• **Your objective**: Your copy must hold all of the data below, unchanged and without images.

• **Supplied data**:
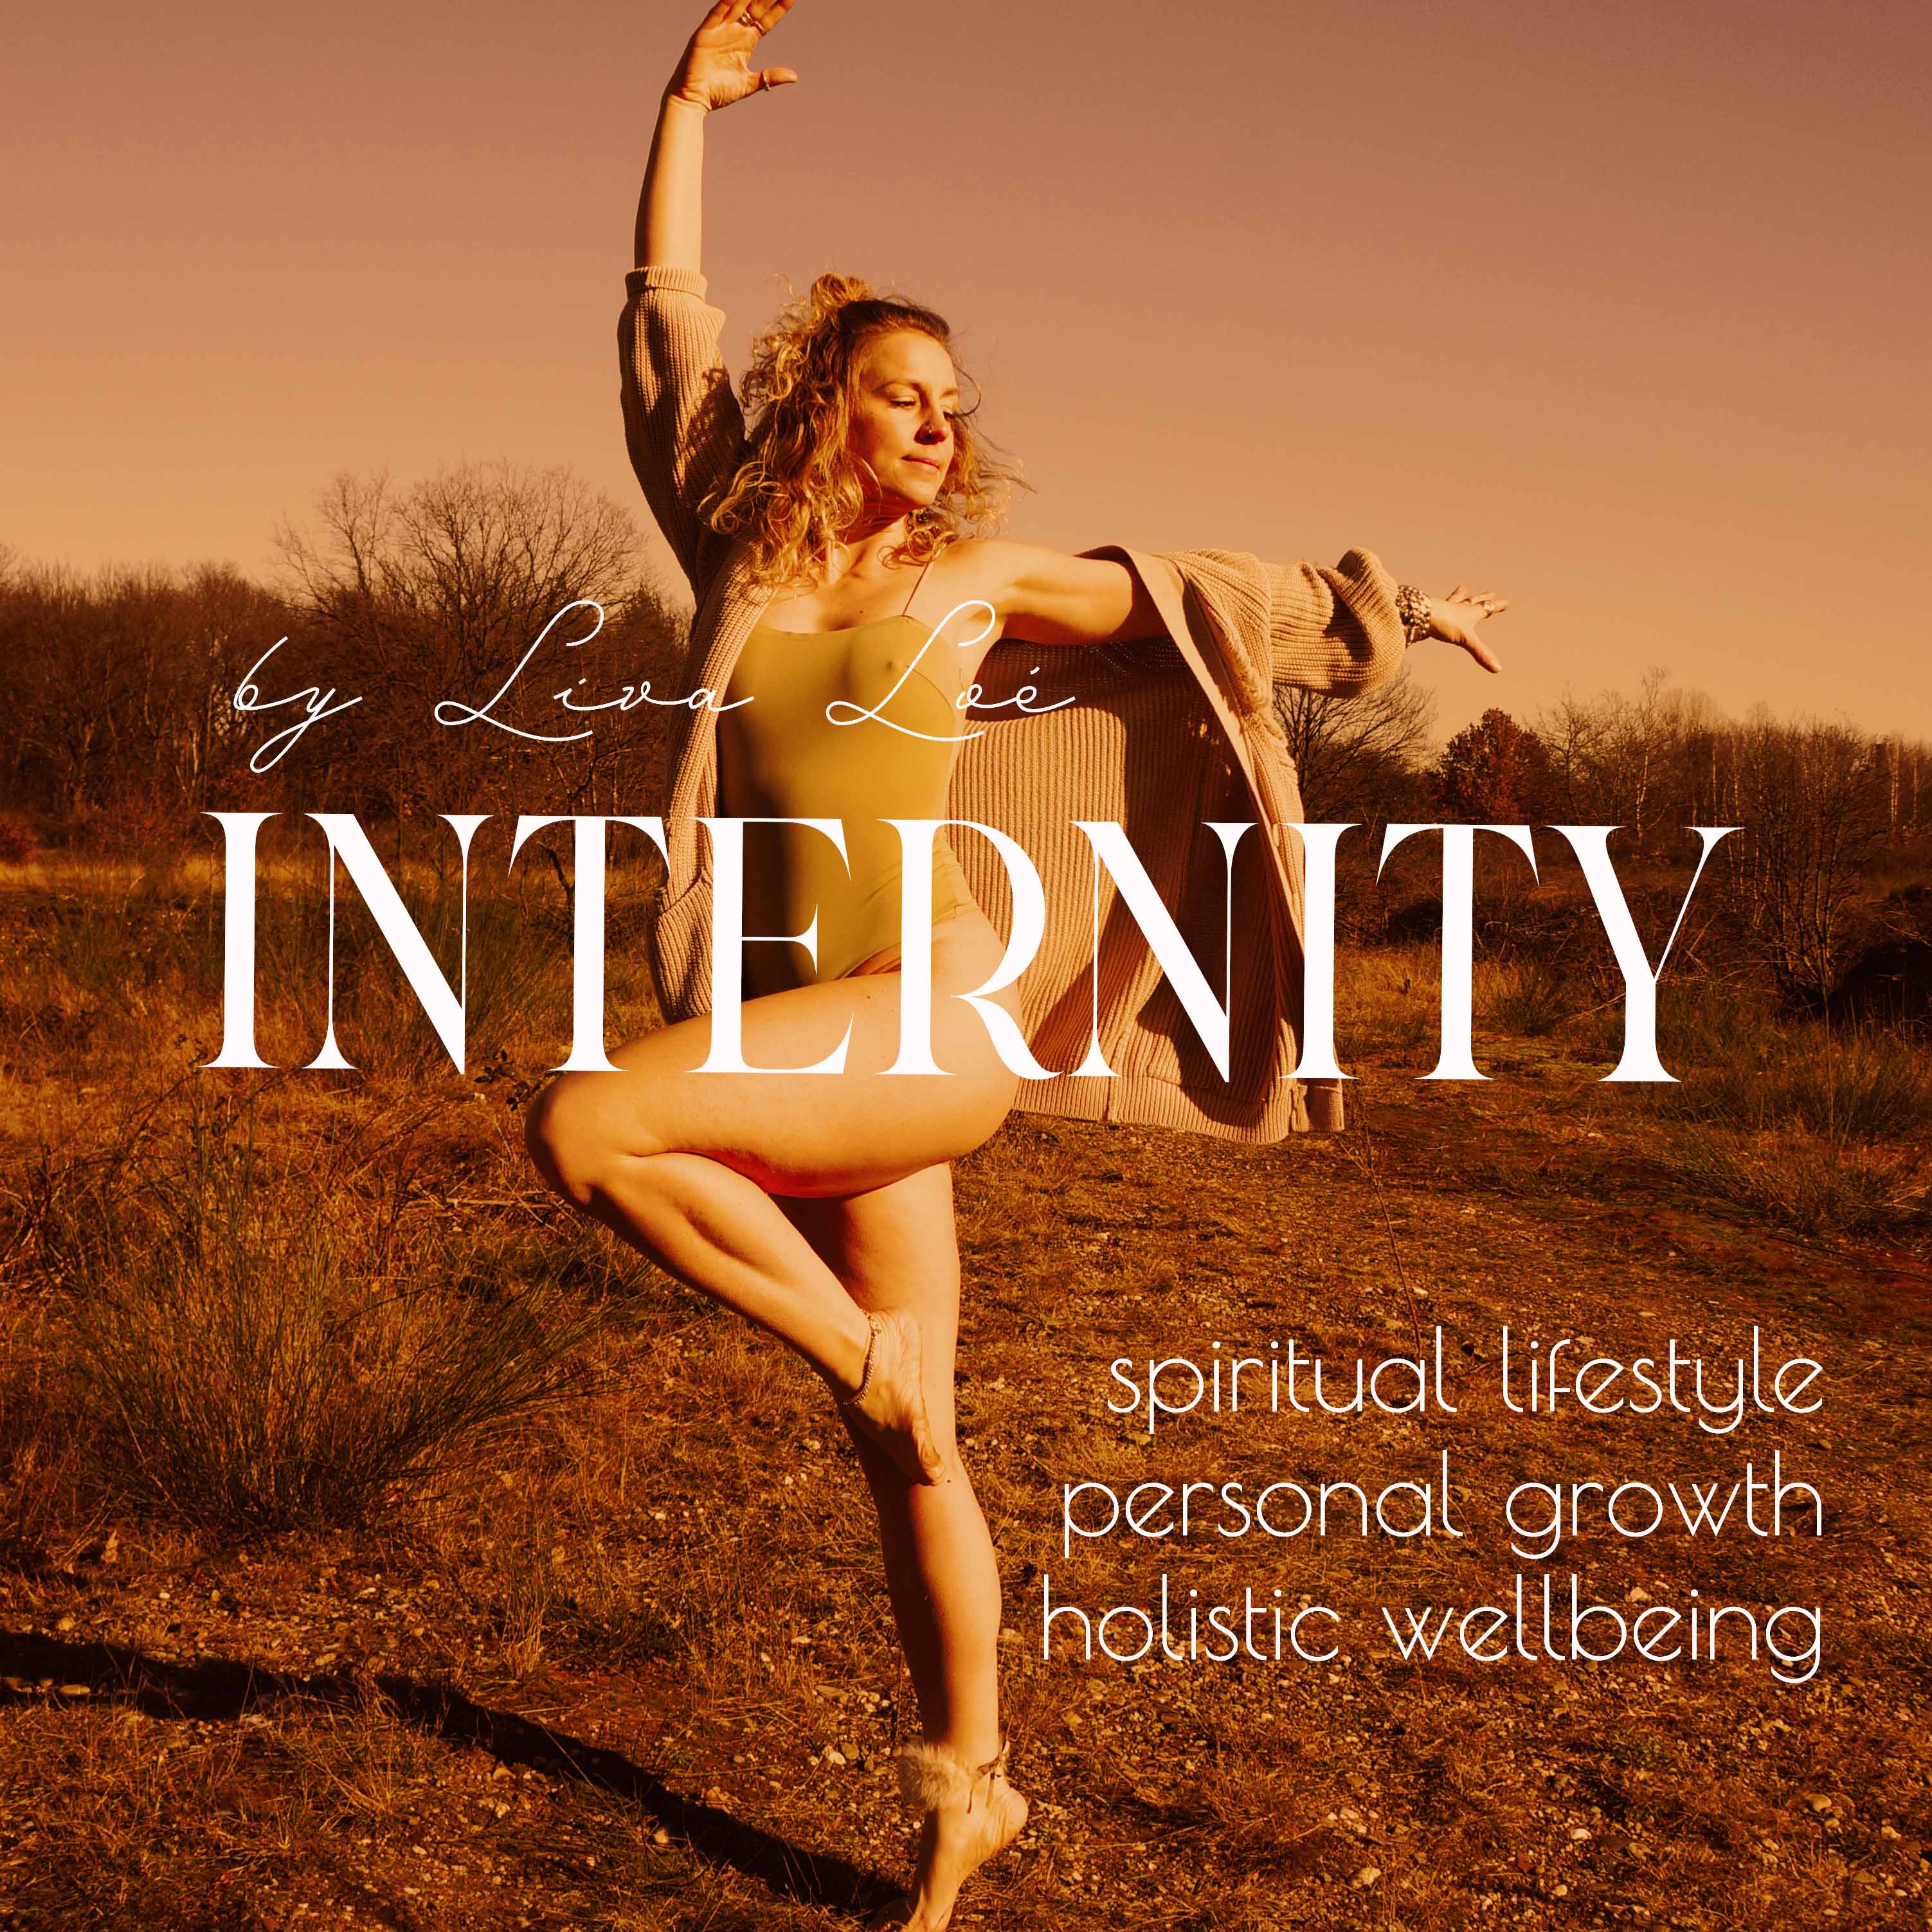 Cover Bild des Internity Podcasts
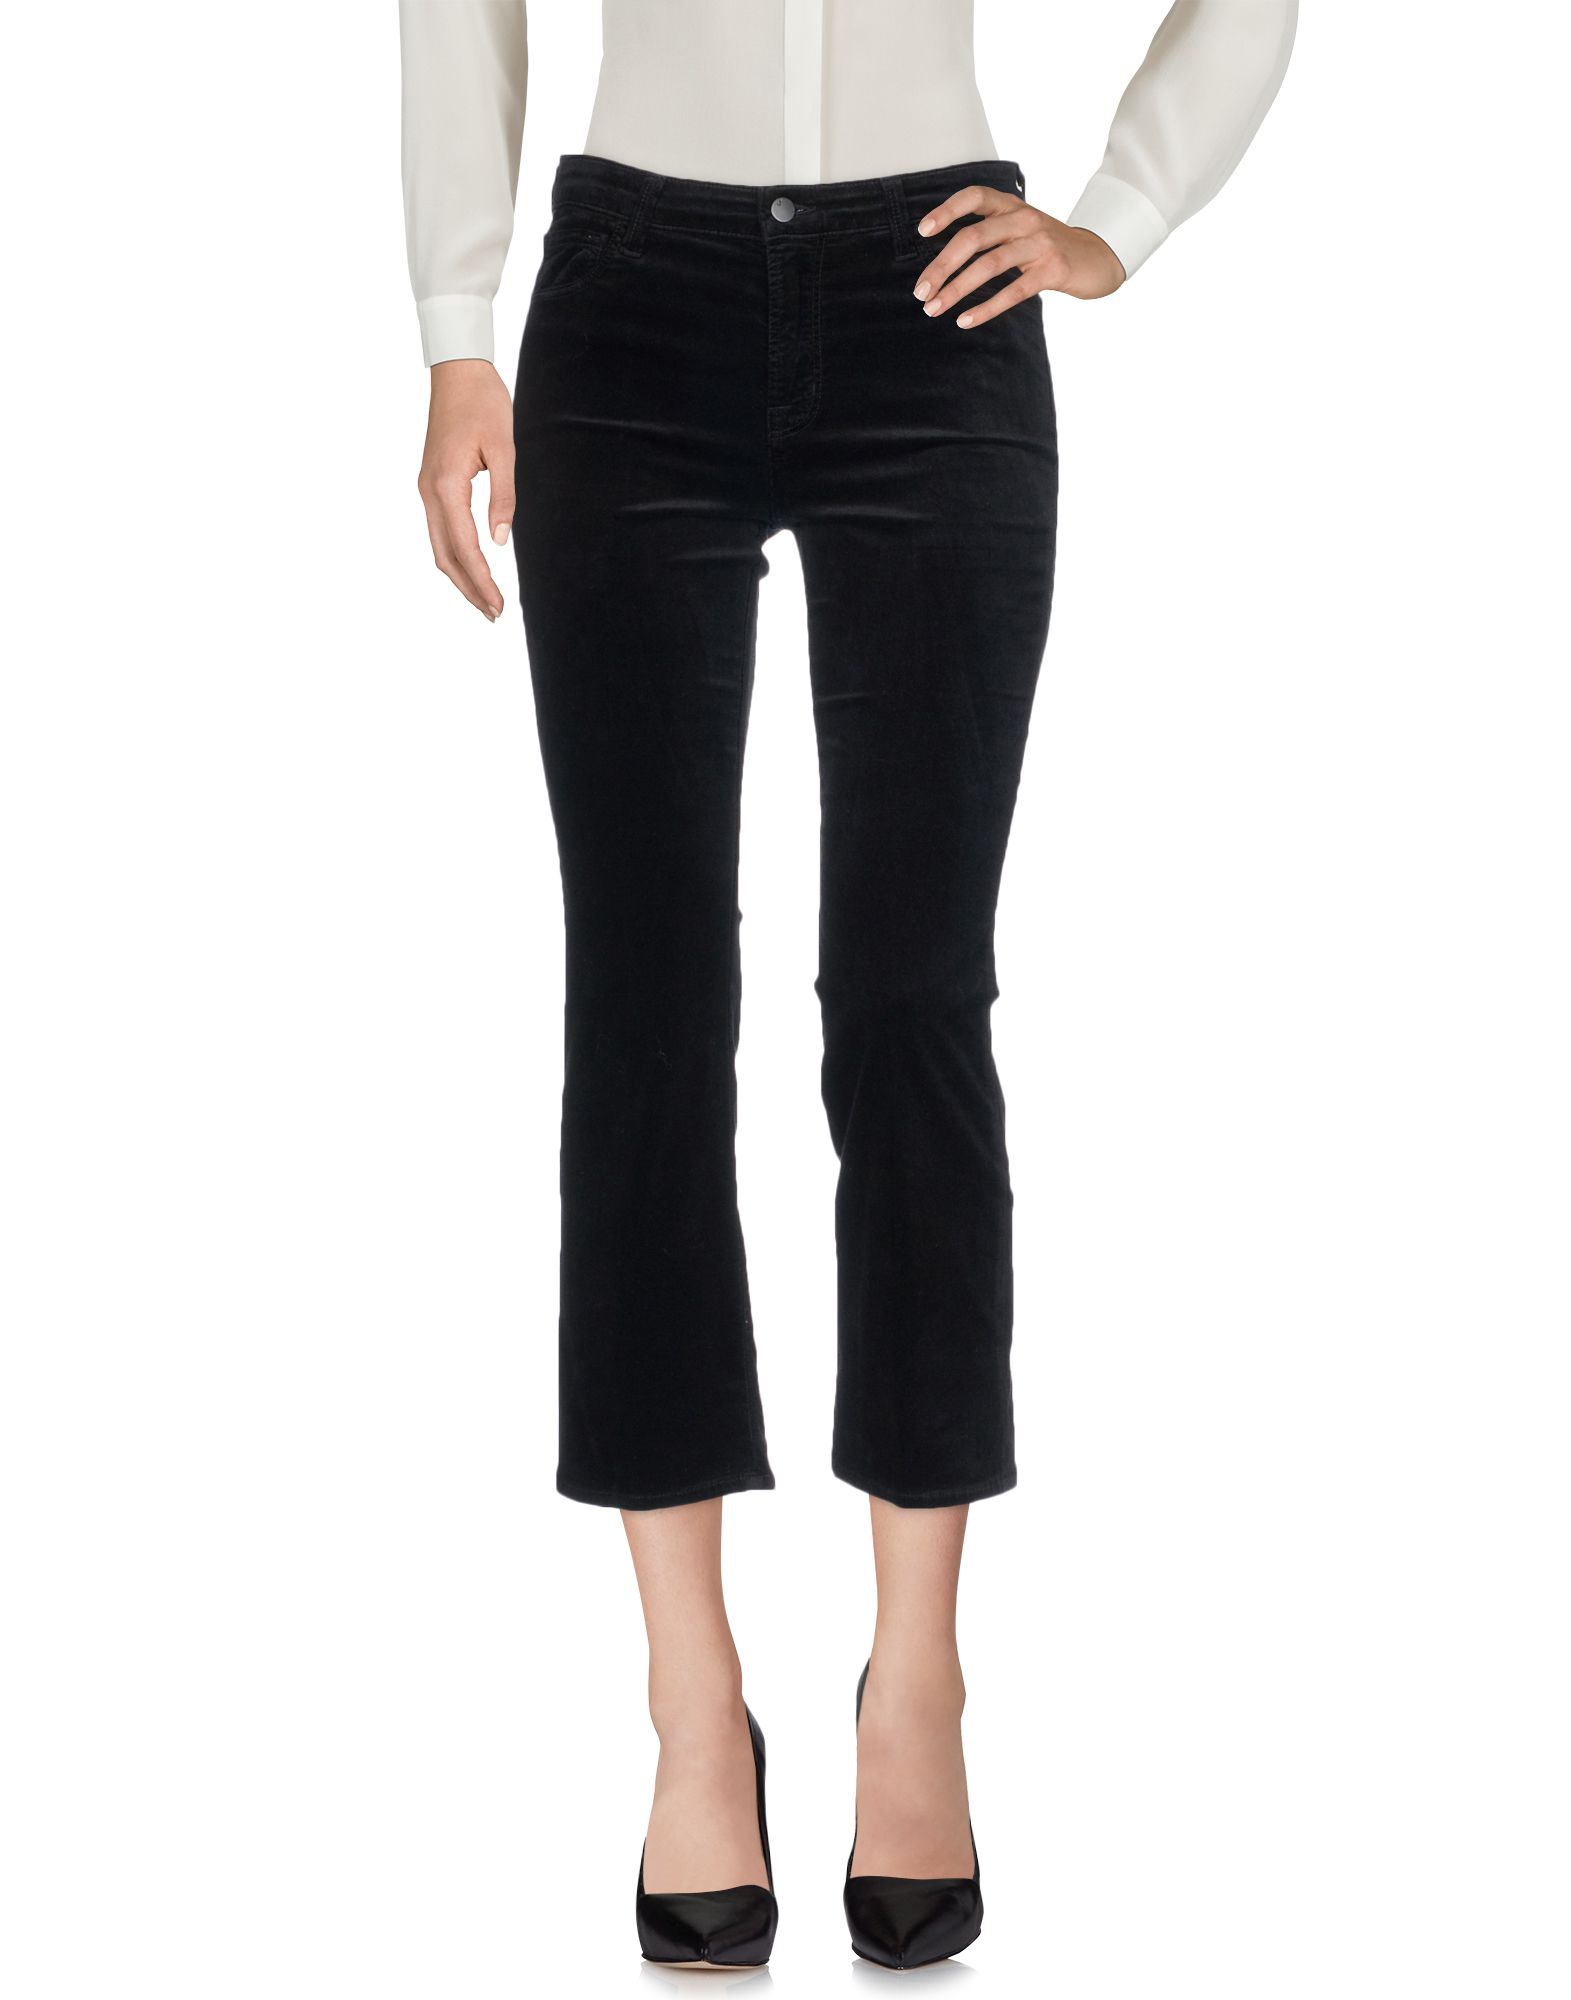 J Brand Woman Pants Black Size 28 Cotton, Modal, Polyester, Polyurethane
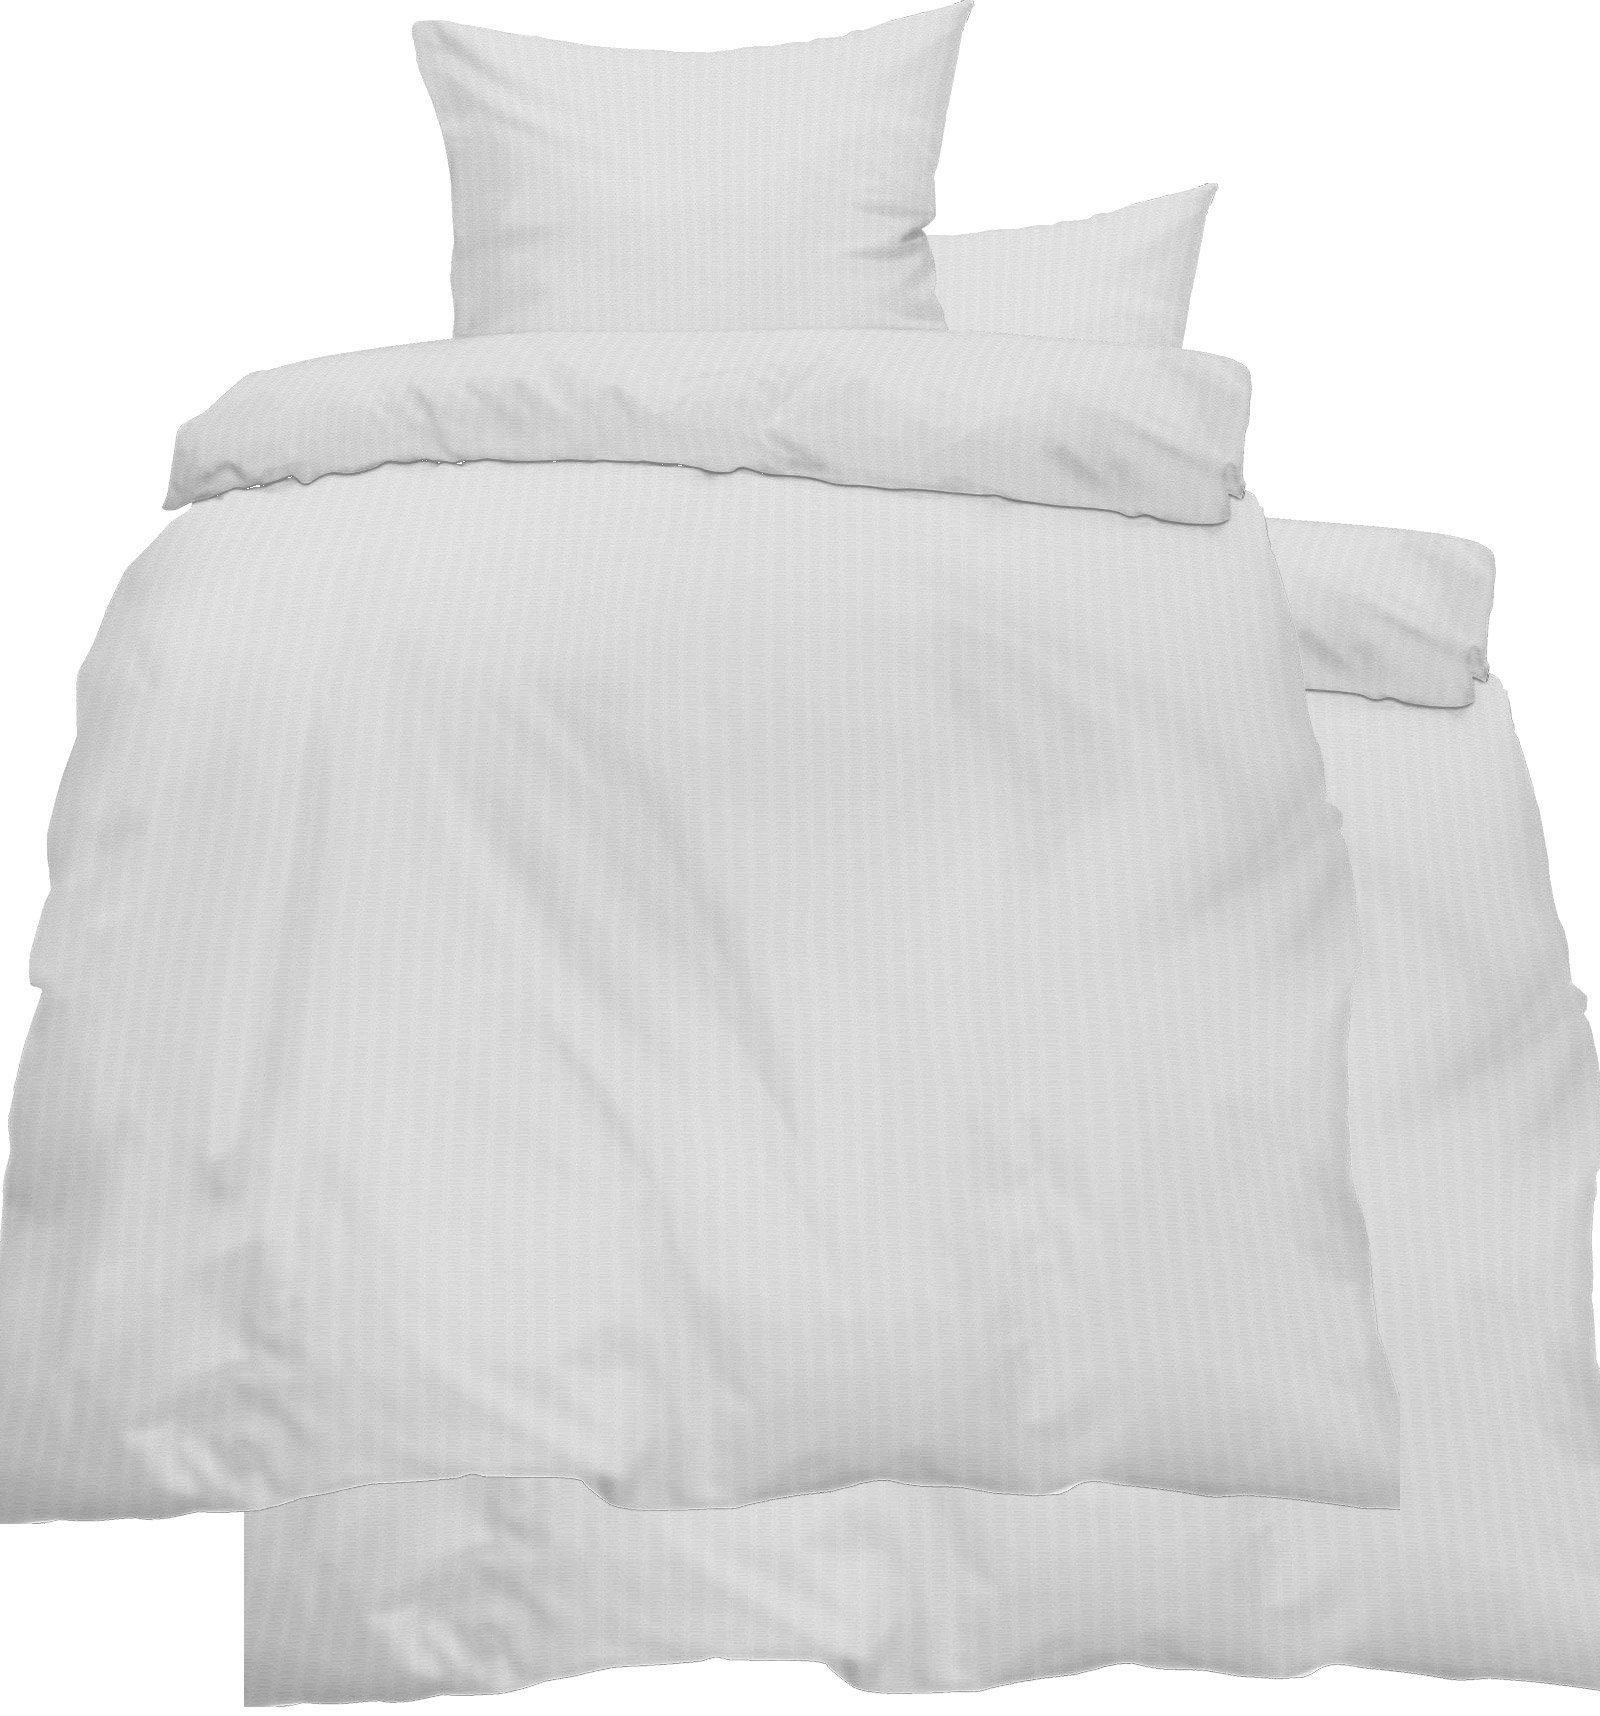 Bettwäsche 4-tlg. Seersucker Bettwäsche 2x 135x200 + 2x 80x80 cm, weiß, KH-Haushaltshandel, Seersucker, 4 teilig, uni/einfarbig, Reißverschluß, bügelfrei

• **Answer section**:
 Cover Bild des Internity Podcasts
 J Brand Woman Pants Black Size 28 Cotton, Modal, Polyester, Polyurethane
 Bettwäsche 4-tlg. Seersucker Bettwäsche 2x 135x200 + 2x 80x80 cm, weiß, KH-Haushaltshandel, Seersucker, 4 teilig, uni/einfarbig, Reißverschluß, bügelfrei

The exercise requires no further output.